Many dalits in eastern UP were locked into thehalwaha (bonded labour) system, which Jagjivan Ram once called “a remnant of slavery” . This has virtually disappeared : the proportion is down from 32.1% to 1.1%. The proportion of dalit households doing any farm labour has plummeted from 76% to 45.6% in the east, and from 46.1% to just 20.5% in the west. Encouragingly , the proportion depending on their own land is up from 16.6% to 28.4% in the east, and from 50.5% to 67.6% in the west. Tubewell ownership is up substantially , but remains modest.
Dalits are leasing land from upper castes. Those who were once labourers on upper caste land now insist on a share of the crop. The proportion in sharecropping is up from 16.7% to 31.4% in the east and from 4.9% to 11.4% in the west. In western UP, cases of dalits alone lifting dead animals are down from 72.6% to 5.3%. Once dalits ploughed the land of upper castes with bullocks. Today, they are getting their own land ploughed by upper caste tractor drivers. Economic reforms have created major new opportunities in urban areas, facilitating dalit migration to towns and back. This has broken their dependence on rural landlords and moneylenders. The resulting labour shortage has raised the bargaining power of dalits.
The proportion of dalit families working locally as masons, tailors or drivers — all non-traditional occupations — is up from 14% to 37% in the east and from 9.3% to 42.1% in the west. Even more revolutionary is the rise of dalit business families, from 4.2% to 11% in the east and from 6% to 36.7% in the west.
Political parties shout themselves hoarse over job reservations. Yet, the dalit family proportion in government jobs has actually fallen from 7.2% to 6.8% in the east, and risen marginally from 5% to 7.3% in the west. Clearly, job reservation has not been a key factor in UP’s social revolution.
Once, dalit babies were not midwifed equally by dalits and non-dalits . The proportion equally delivered has shot up from 1.1% to 89.9% in the east. Earlier non-dalit and government midwives rarely came to dalit homes for deliveries, but the proportion is now up from 3.4% to 53.4% in the east, and from zero to 3.6% — still very low — in the west.
Dalit households where most or all kids go to school are up from 28.8% to 63.4% in the east and from 21.7% to 65.7% in the west. Girls’ schooling is up from 10% to 58.7% in the east and from 6.8% to 56.9% in the west. As a form of social assertion, dalits are adopting elite consumption patterns. Their use of toothpaste , shampoo and bottled hair oil has soared. Earlier, only one-third of dalits in the east and virtually none in the west used cars or jeeps for wedding baraats, but today virtually all do. The proportion serving laddoos to baraatis is up from 33.6% in the east and 2.7% in the west, to almost 100% in both cases.

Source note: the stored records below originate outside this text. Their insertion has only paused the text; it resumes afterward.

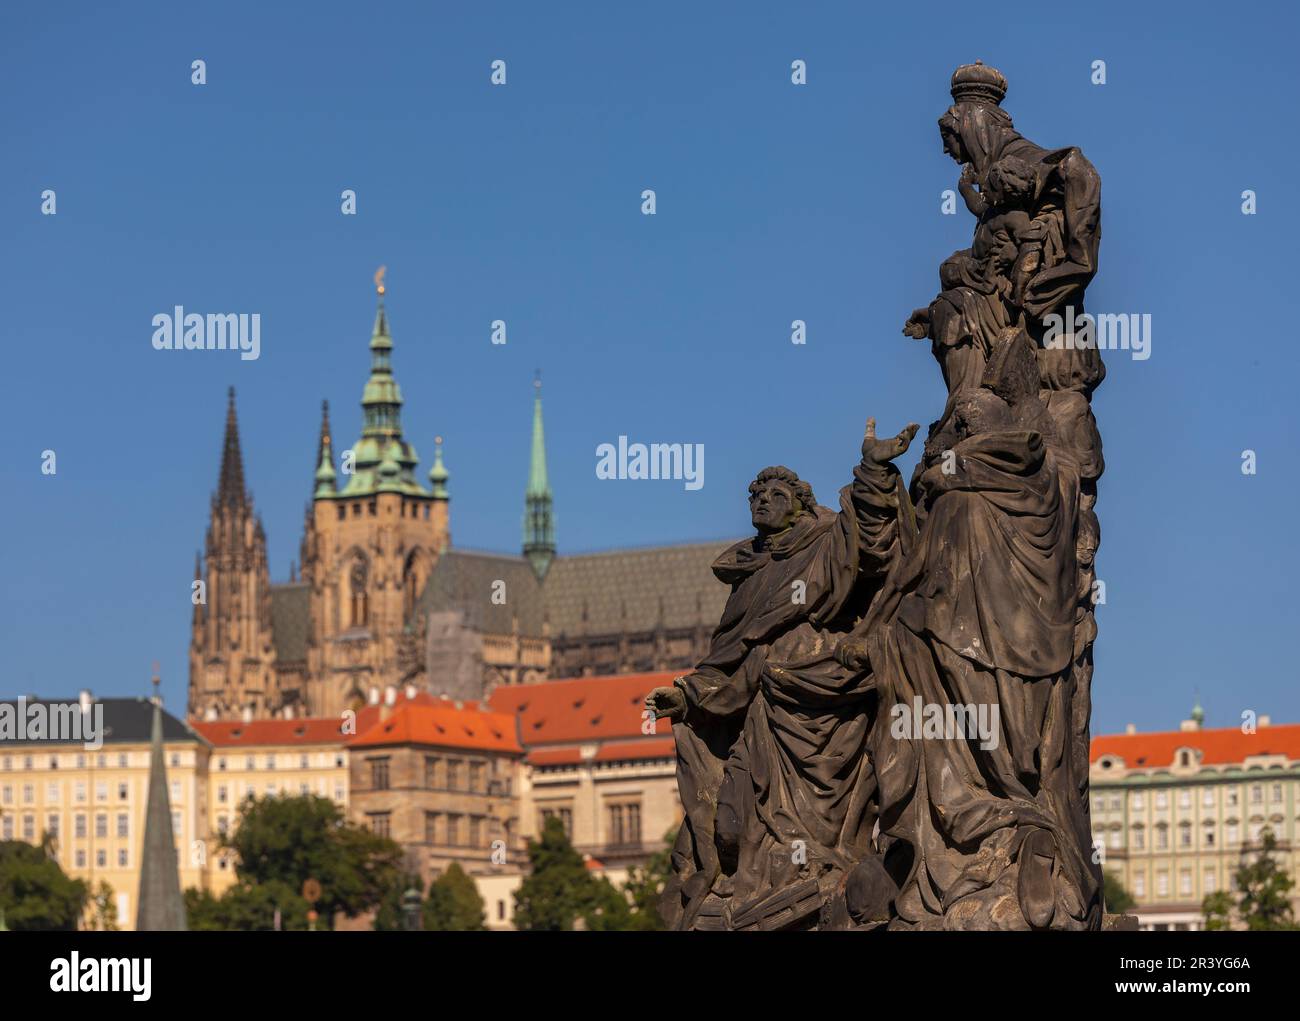 PRAG, TSCHECHISCHE REPUBLIK, EUROPA - Prager Skyline mit Statue auf Karlsbrücke und St. Veitsdom in der Ferne. Stockfoto
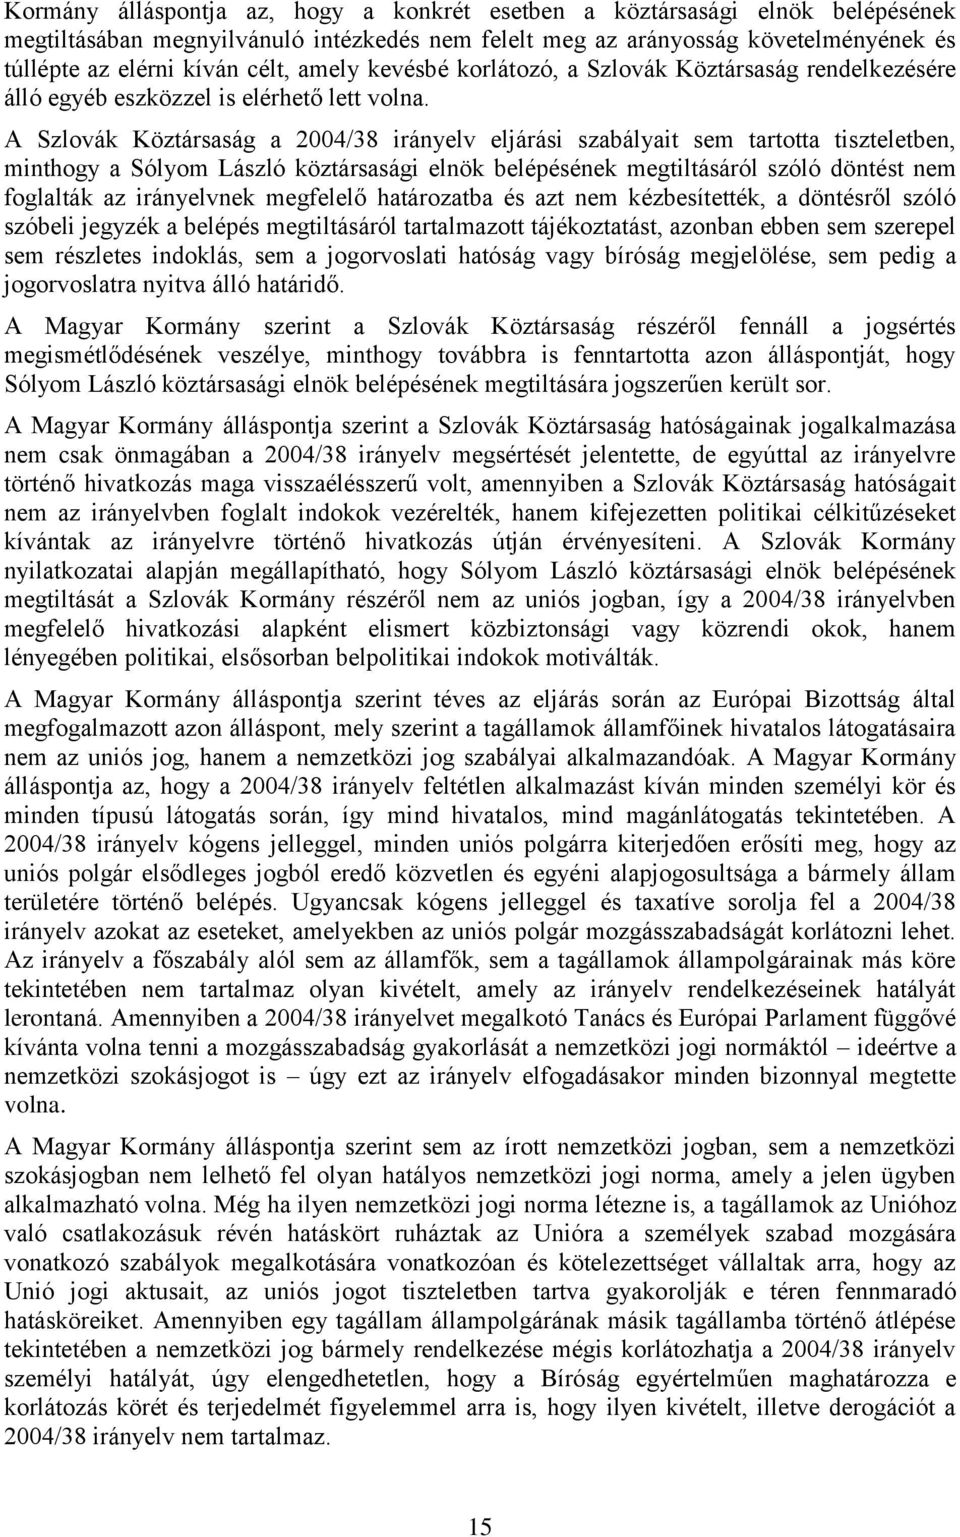 A Szlovák Köztársaság a 2004/38 irányelv eljárási szabályait sem tartotta tiszteletben, minthogy a Sólyom László köztársasági elnök belépésének megtiltásáról szóló döntést nem foglalták az
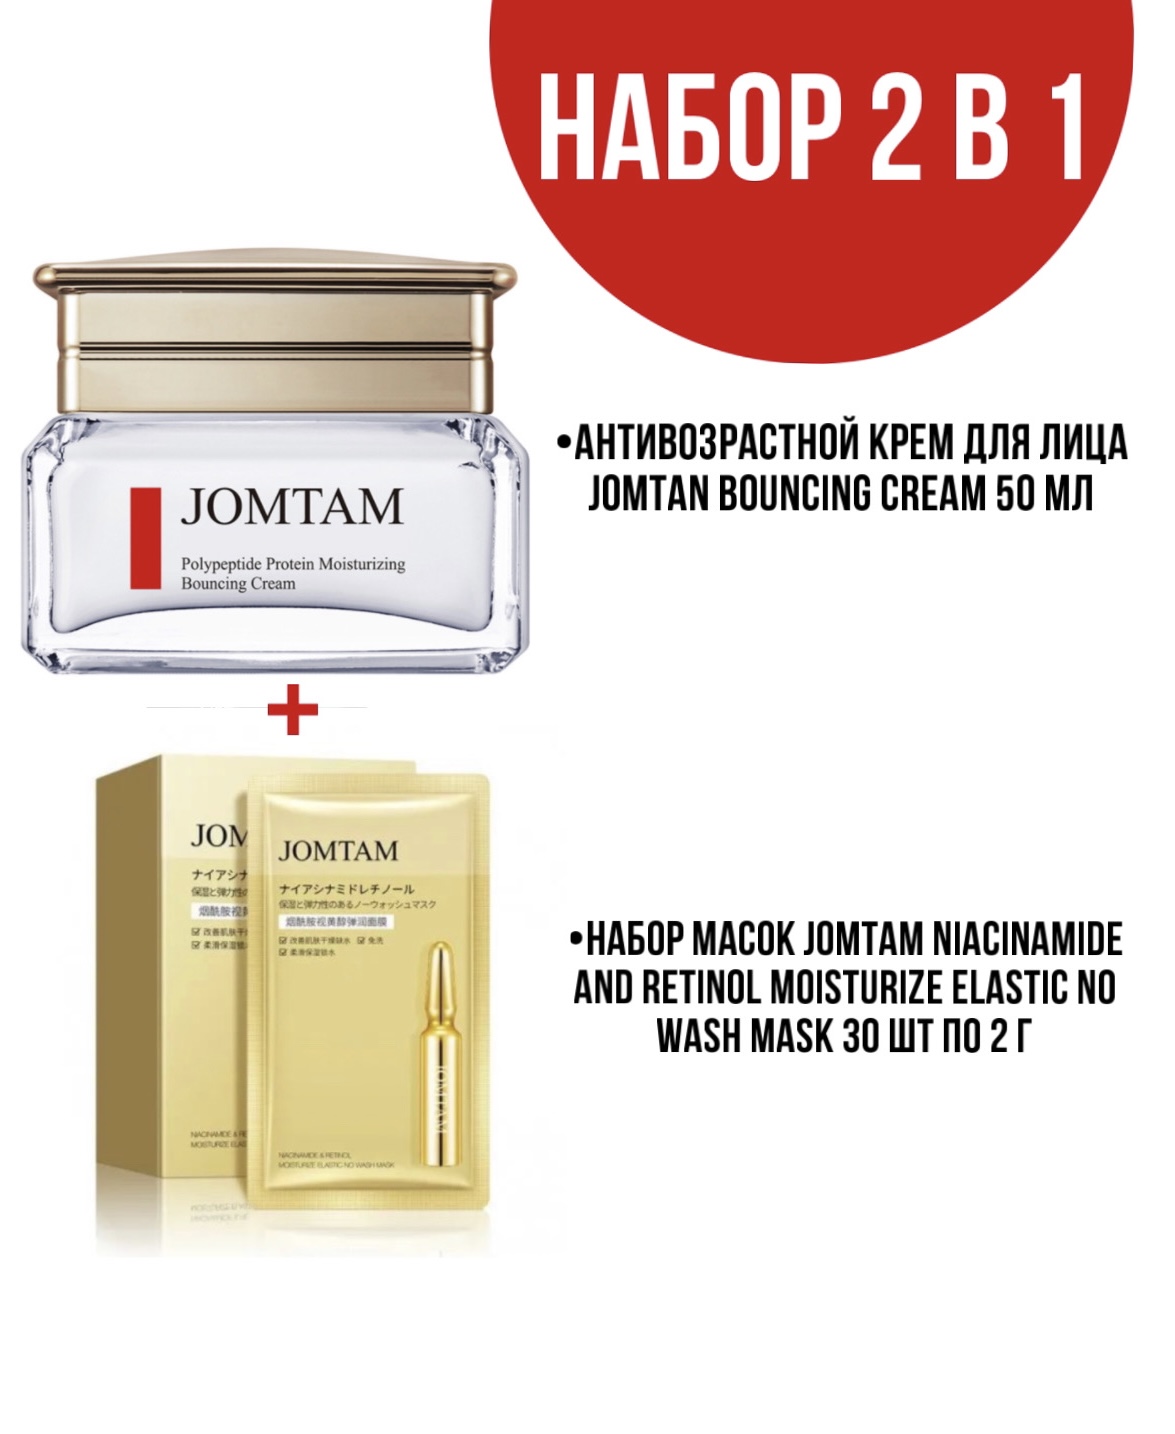 Крем Jomtam Bouncing Cream для лица 50 мл и набор масок Jomtam Niacinamide 30 шт по 2 г миры крестоманси девять жизней кристофера чанта
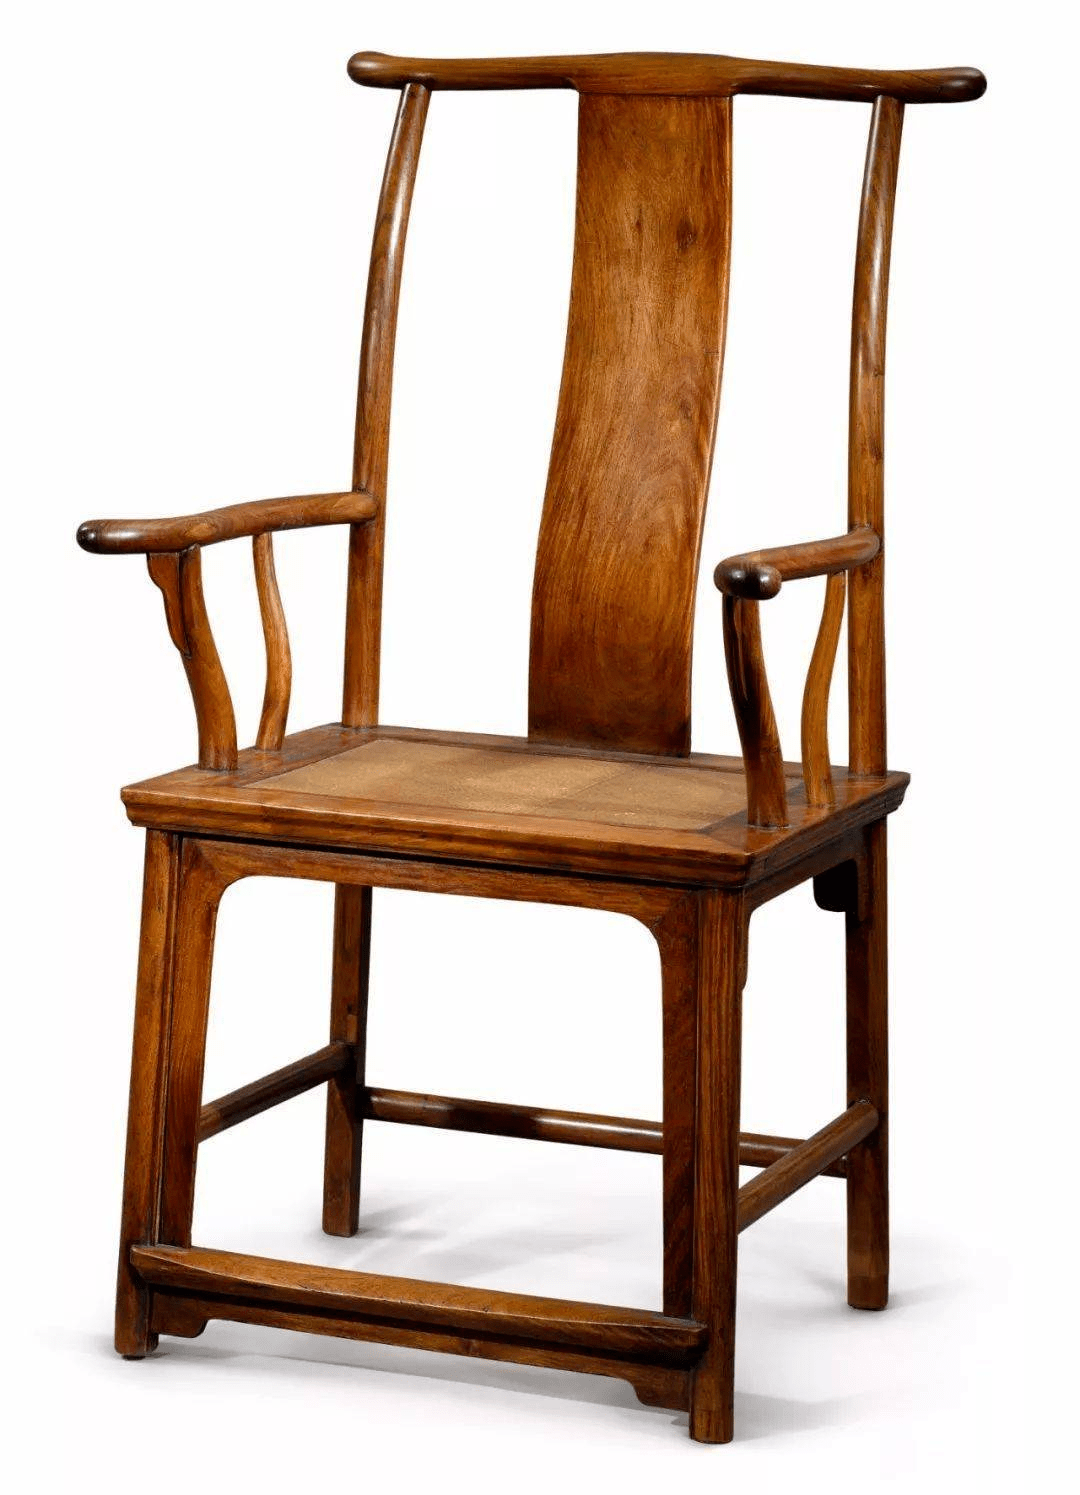 官帽椅是宋代定型的一种椅具,到明代时已发展为南官帽椅和北官帽椅

The data shows that despite major improvements , dalits are still far from achieving equality in status or income. Caste oppression and inequalities remain. Nevertheless, the changes constitute a social revolution, sparked by both economic reform and the rise of the BSP.
In the survey, dalits themselves emphasized that their social well-being had advanced even faster than their material wellbeing . Self-respect and dignity are vital for the downtrodden. Mayawati’s statue-building spree is a form of status building.
Amartya Sen has talked of freedom as development . This means not just more consumption but more voice, access to accountability , access to influential networks and livelihood choice, access to good governance, and physical security. The traditional castebound village in UP denied all these to dalits. Those shackles are breaking apart.